I tell this story because it was the first time I discovered a software bug and exploited it. In a way, it was the start of my “hacking” career. Don’t worry, I’m a software developer now, not a hacker. I produce the bugs, I don’t search and exploit them.

The bug in Railroad Tycoon had to do with buying industry. You could not only build tracks and buy trains, you could also acquire industrial complexes like petroleum plants and factories. And while you couldn’t build more tracks once your money ran out, you could accrue debt by buying industry. If you did this extensively, your debt suddenly turned into a small fortune. I didn’t know about the exact mechanics back then, but it was a classic 16-bit signed integer overflow bug. If your debt exceeded 32.768 dollars, the sign turned positive. That was a lot of money in the game and you had a lot of industry, too. The english wikipedia article seems to be a bit inaccurate.

If you are accustomed with IT, there a some numbers that you immediately recognize as problematic, like 255, 32.767, 65.535 or 2.147.483.647. If anything unusual or bad happens around these numbers, you know what’s up. It’s usually related to an integer overflow or (in the case of Railroad Tycoon) underflow.

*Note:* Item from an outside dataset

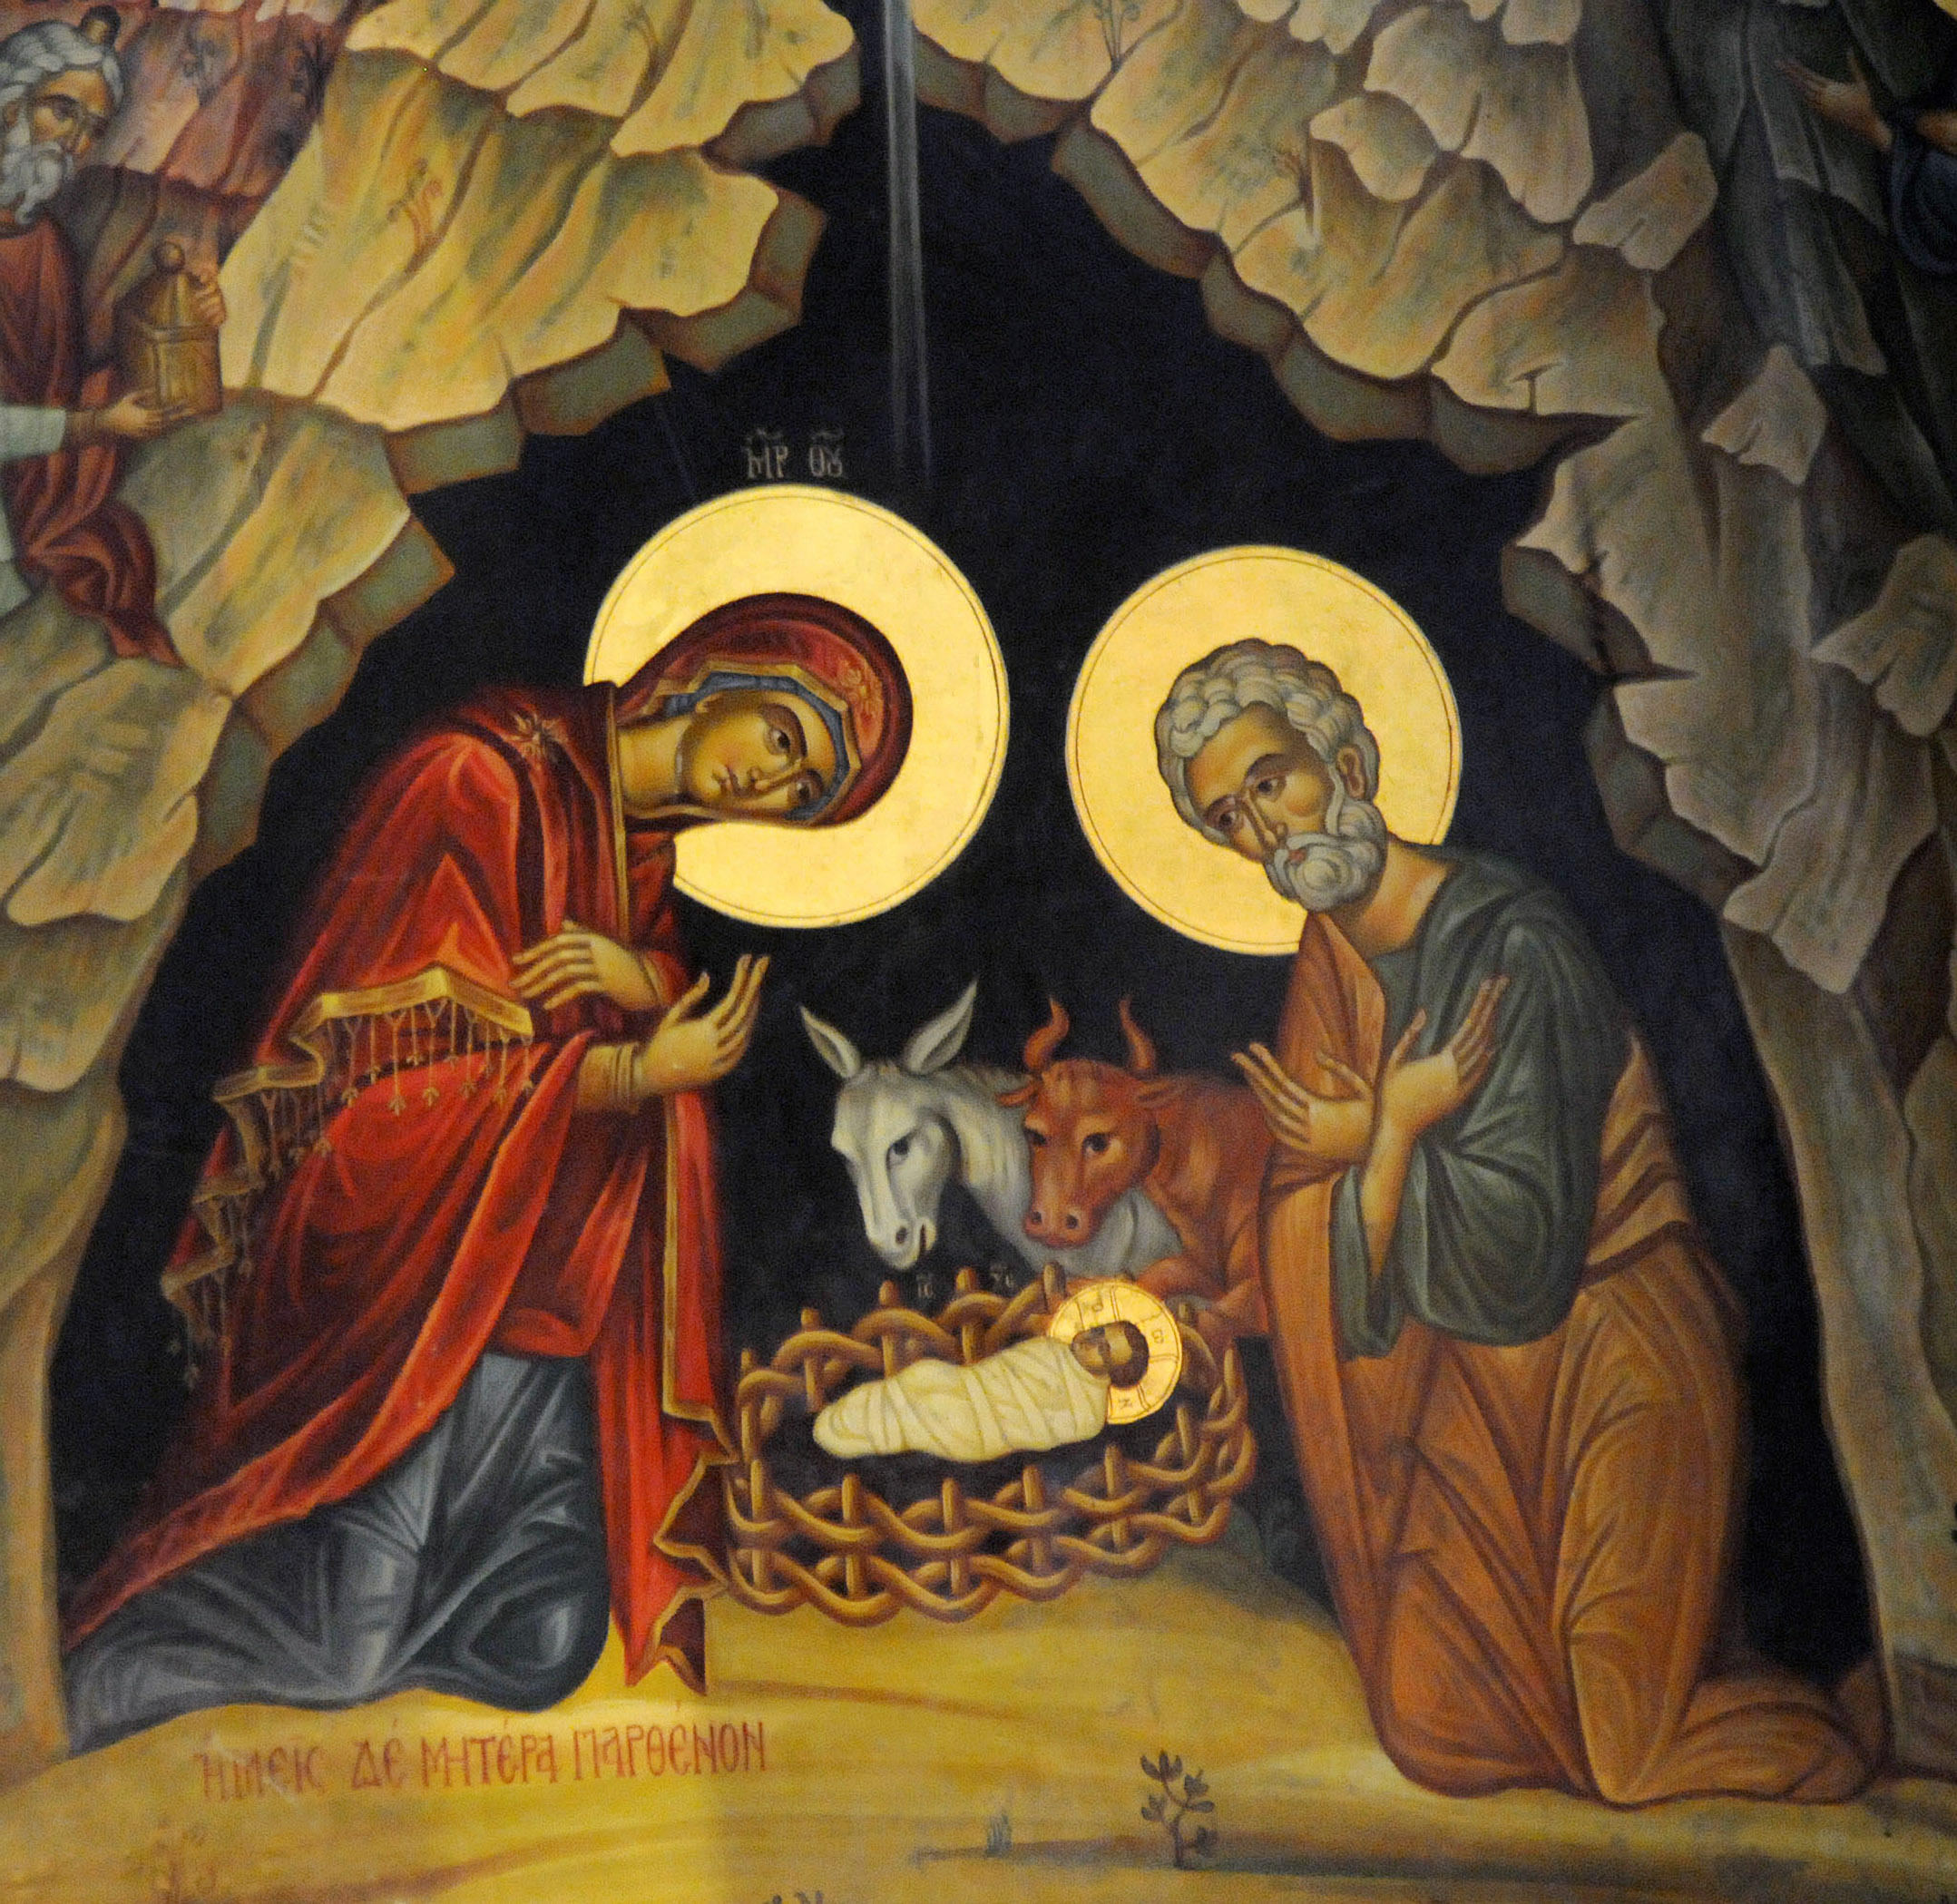 THE SOLEMNITY OF THE NATIVITY, YEAR A.

But then, there are problematic numbers that just seem random. If you want to name a table in an older Oracle database, you couldn’t name it longer than 30 characters. Not 32 or something that could somehow be related to a technical cause, but 30. Certain text values couldn’t be longer than 2000 characters. Not 2048 (or 2047 with a terminating zero character), but straight 2000. These numbers look more “usual” for a normal human, but they appear just as arbitrary to the IT professional’s eye as 2048 might seem to others.

Recently, I introduced a new developer to an internal project of ours. We set up the development environment and let the program run a few times. Then, we introduced some observable changes to the code to explain the different parts. But suddenly, a console output didn’t appear. All we did was to introduce a line of code in the form of:

System.out.println(output);

And the output just didn’t show up. We checked that the program executed the code beforehands and even fired up a debugger (something I’m not really fond of) to see that the output string is really filled.

We changed the line of code to:

System.out.println(output.length());

And got our result: 32.483 characters.

As you can see, the number is somewhat near the 32k danger zone. But in IT, these danger zones are really small. You can be directly besides it and don’t notice anything, but one step more and you’re in trouble. In a way, they act like minefields.

There should be nothing wrong with 32.483 characters printed on a console. Well, unless you use Eclipse and Windows. If you do, there is a new danger zone, starting with 32.000 characters. And this zone isn’t small. In fact, it affects any text with more than 32.000 characters that should be printed in an Eclipse console on Windows:

https://bugs.eclipse.org/bugs/show_bug.cgi?id=23406

‘ScriptShape’ WINAPI fails with E_FAIL for OpenType fonts when the length of the string is over 32000 (0x7d00) characters

Notes: 32000 is hardcoded in ‘gdi32full!GenericEngineGetGlyphs’ Windows function.

https://bugs.eclipse.org/bugs/show_bug.cgi?id=23406#c31

There is nothing special about the number 32.000. My guess is that some developer at Microsoft in the nineties had to impose a limit and just thought that “32.000 characters ought to be enough for anybody”. This is a common mistake made by Microsoft and the whole IT industry.

The problem is that now, 20 or even 30 years later, this limit is still in place. Our processing power grew by a factor of 1.000 (yes, one thousand times more power), the amount of available memory even by a factor of 16.000 and we are still limited to 32.000 characters for a line of text. If the limit would grow accordingly, you could now fit up to 32.000.000 characters in that string and it would just work.

So, what is the moral of this story? IT and software development are minefields where you can step on a mine that was hidden 20+ years ago at any turn. But even more important: If you write code, please be aware that every limit you introduce into your solution will cause trouble in the future. Some limits can be explained by other limits, but others are just arbitrary. Make the arbitrary limits visible and maybe even configurable!